**Work to be completed**
The answer is the line with "タイムモア C2 Max" and every line after it to the end of the listing, retyped exactly. Pictures do not belong in it.

**Supplied material**

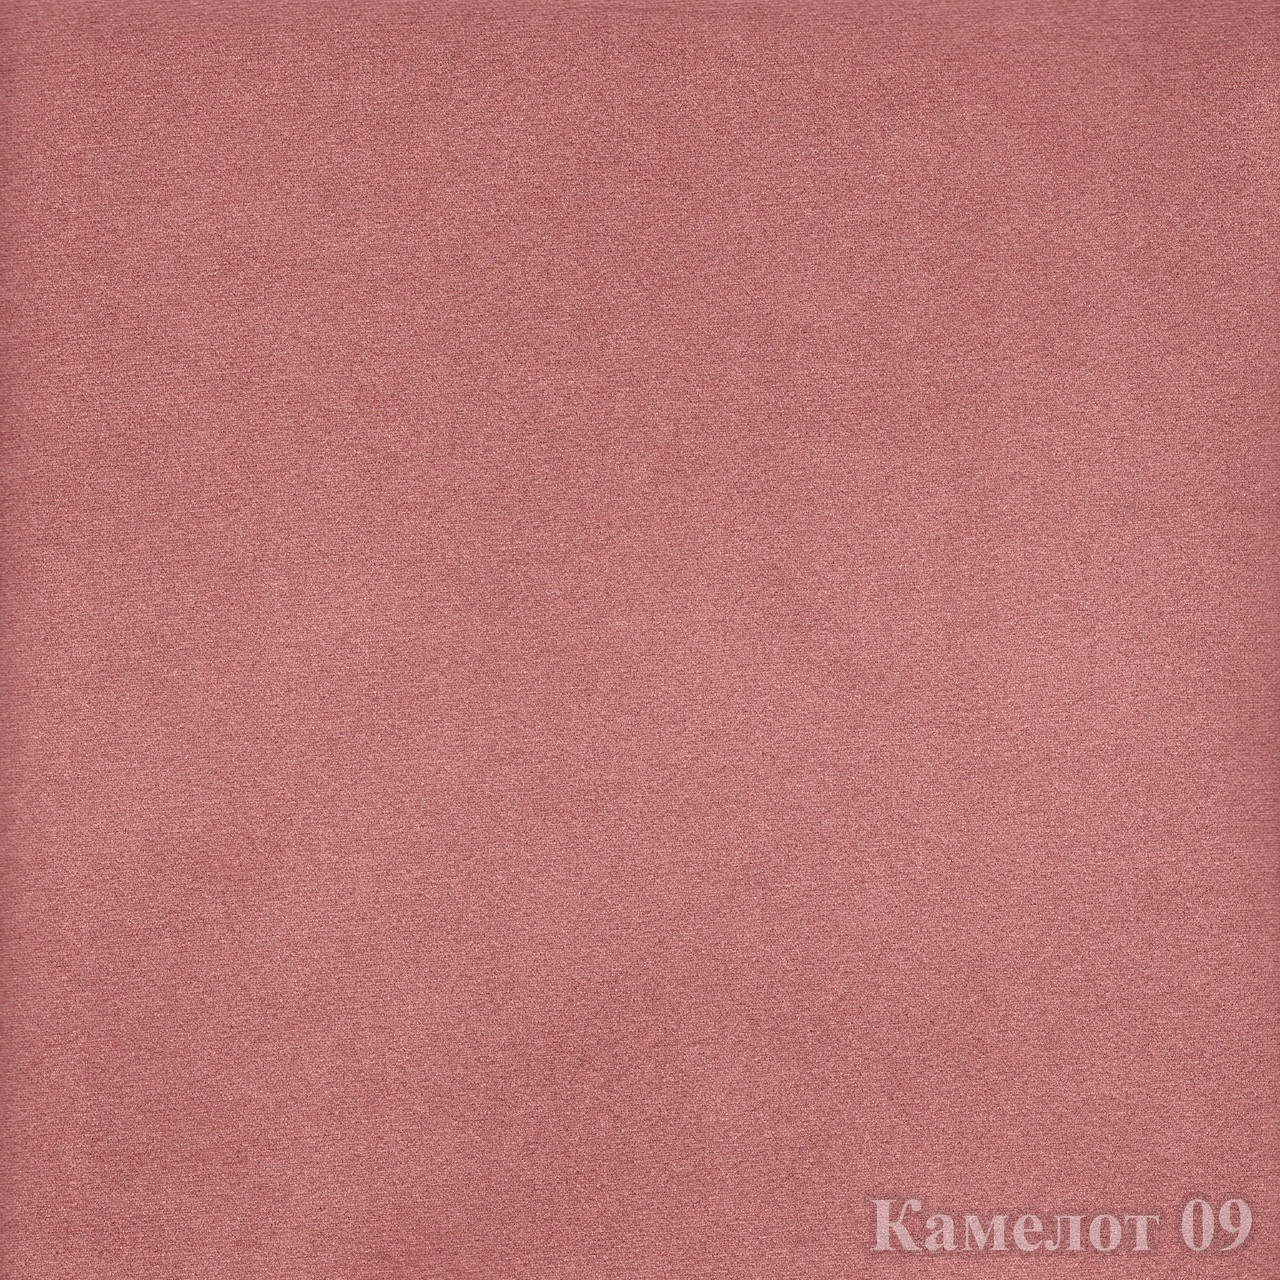 Меблева тканина велюр Камелот 09 (Мебтекс)
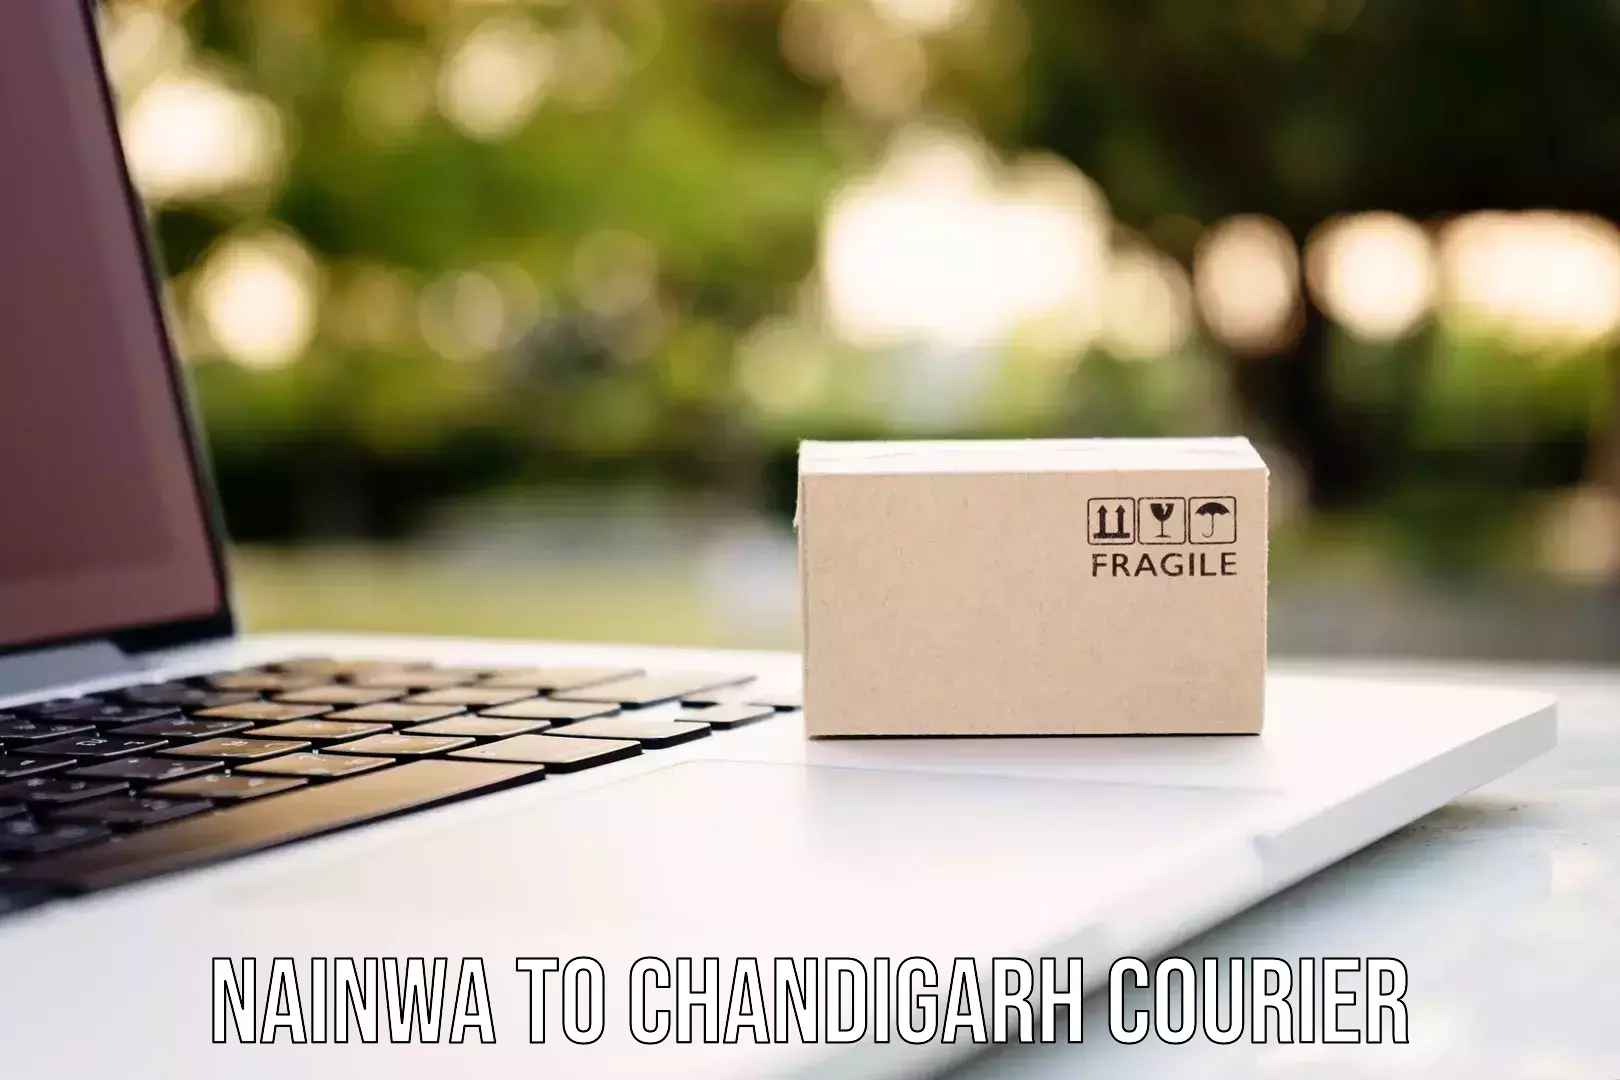 Custom courier packaging Nainwa to Chandigarh
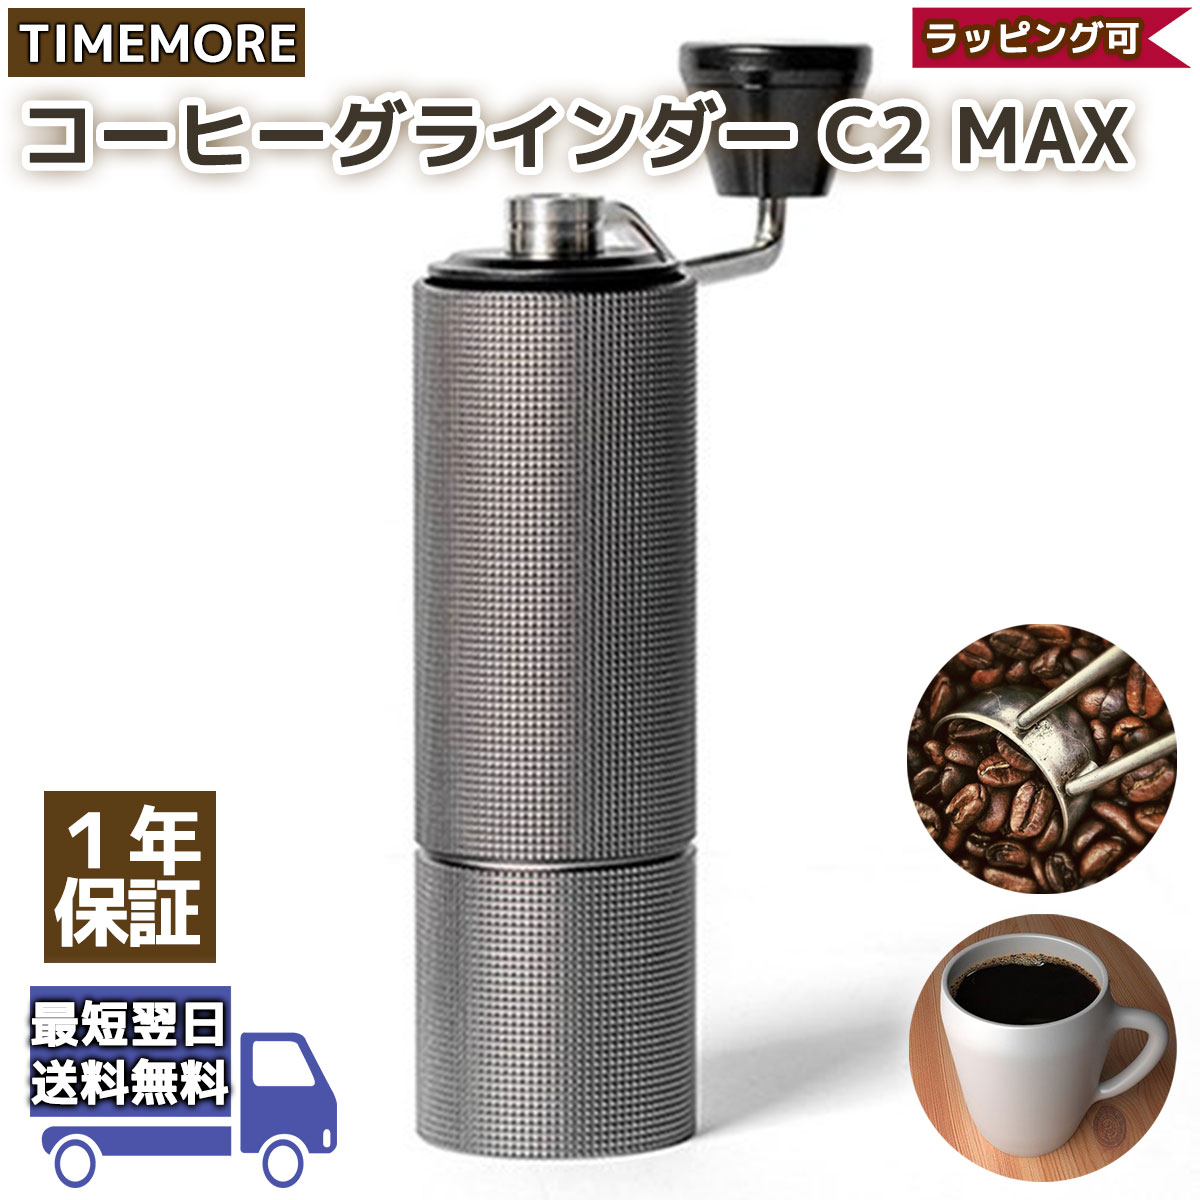 タイムモア C2 Max 手挽き コーヒーミル 手動 TIMEMORE マックス グラインダー 容量30g 正規輸入元 1年保証  :timemore-c2-max:SNG-Store 通販 
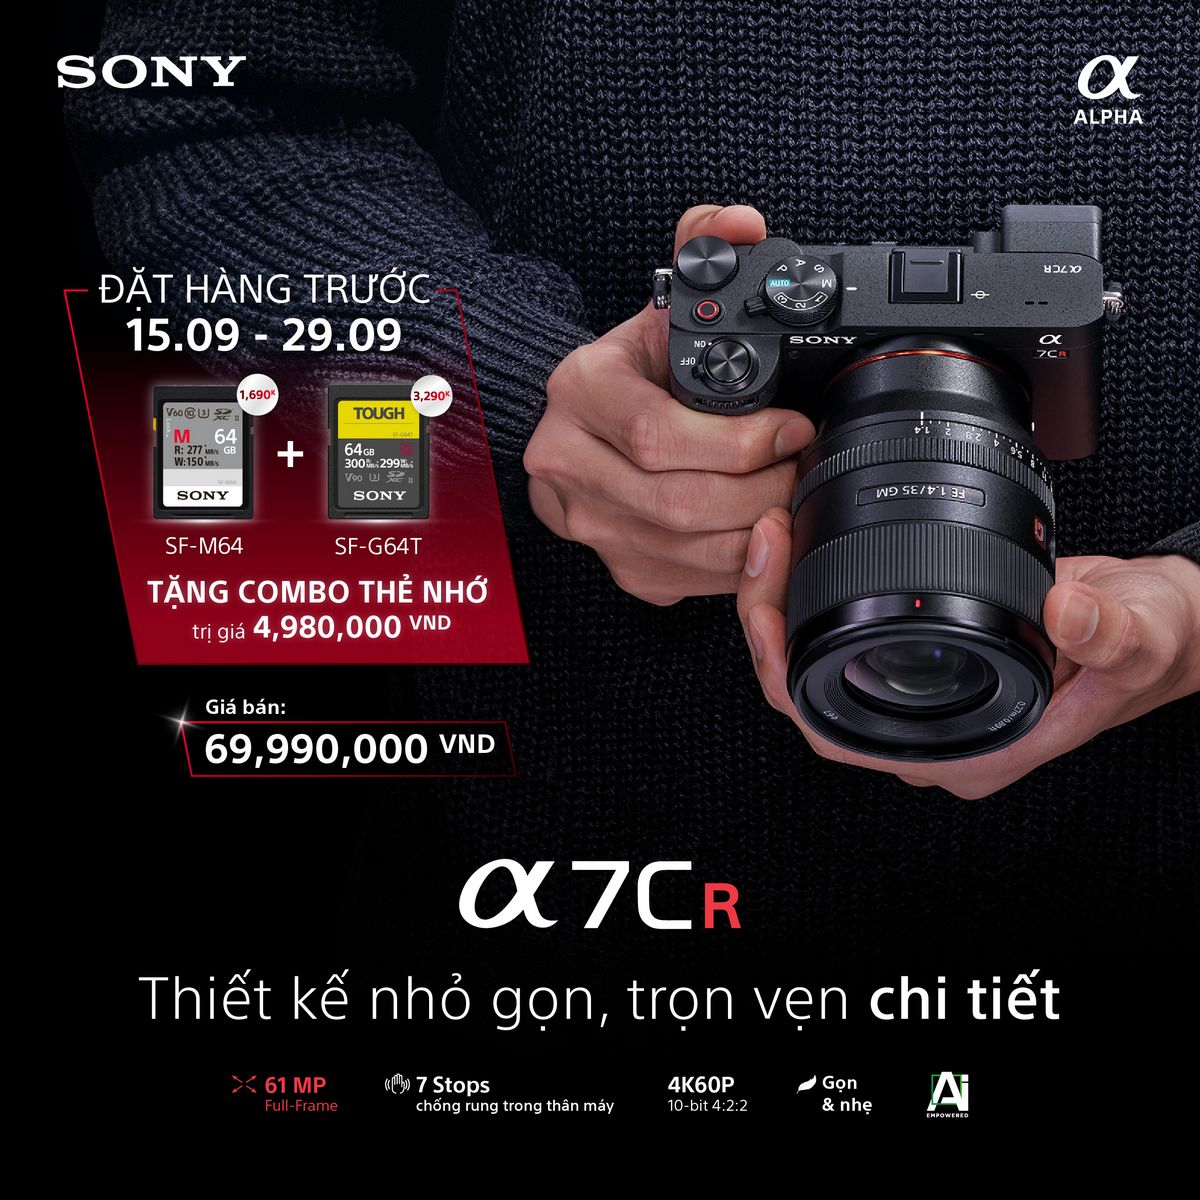 Sony Alpha 7CR và 7C II: Bộ đôi máy ảnh nhỏ gọn ra mắt

**Written answer**
 タイムモア C2 Max 手挽き コーヒーミル 手動 TIMEMORE マックス グラインダー 容量30g 正規輸入元 1年保証  :timemore-c2-max:SNG-Store 通販 
 Sony Alpha 7CR và 7C II: Bộ đôi máy ảnh nhỏ gọn ra mắt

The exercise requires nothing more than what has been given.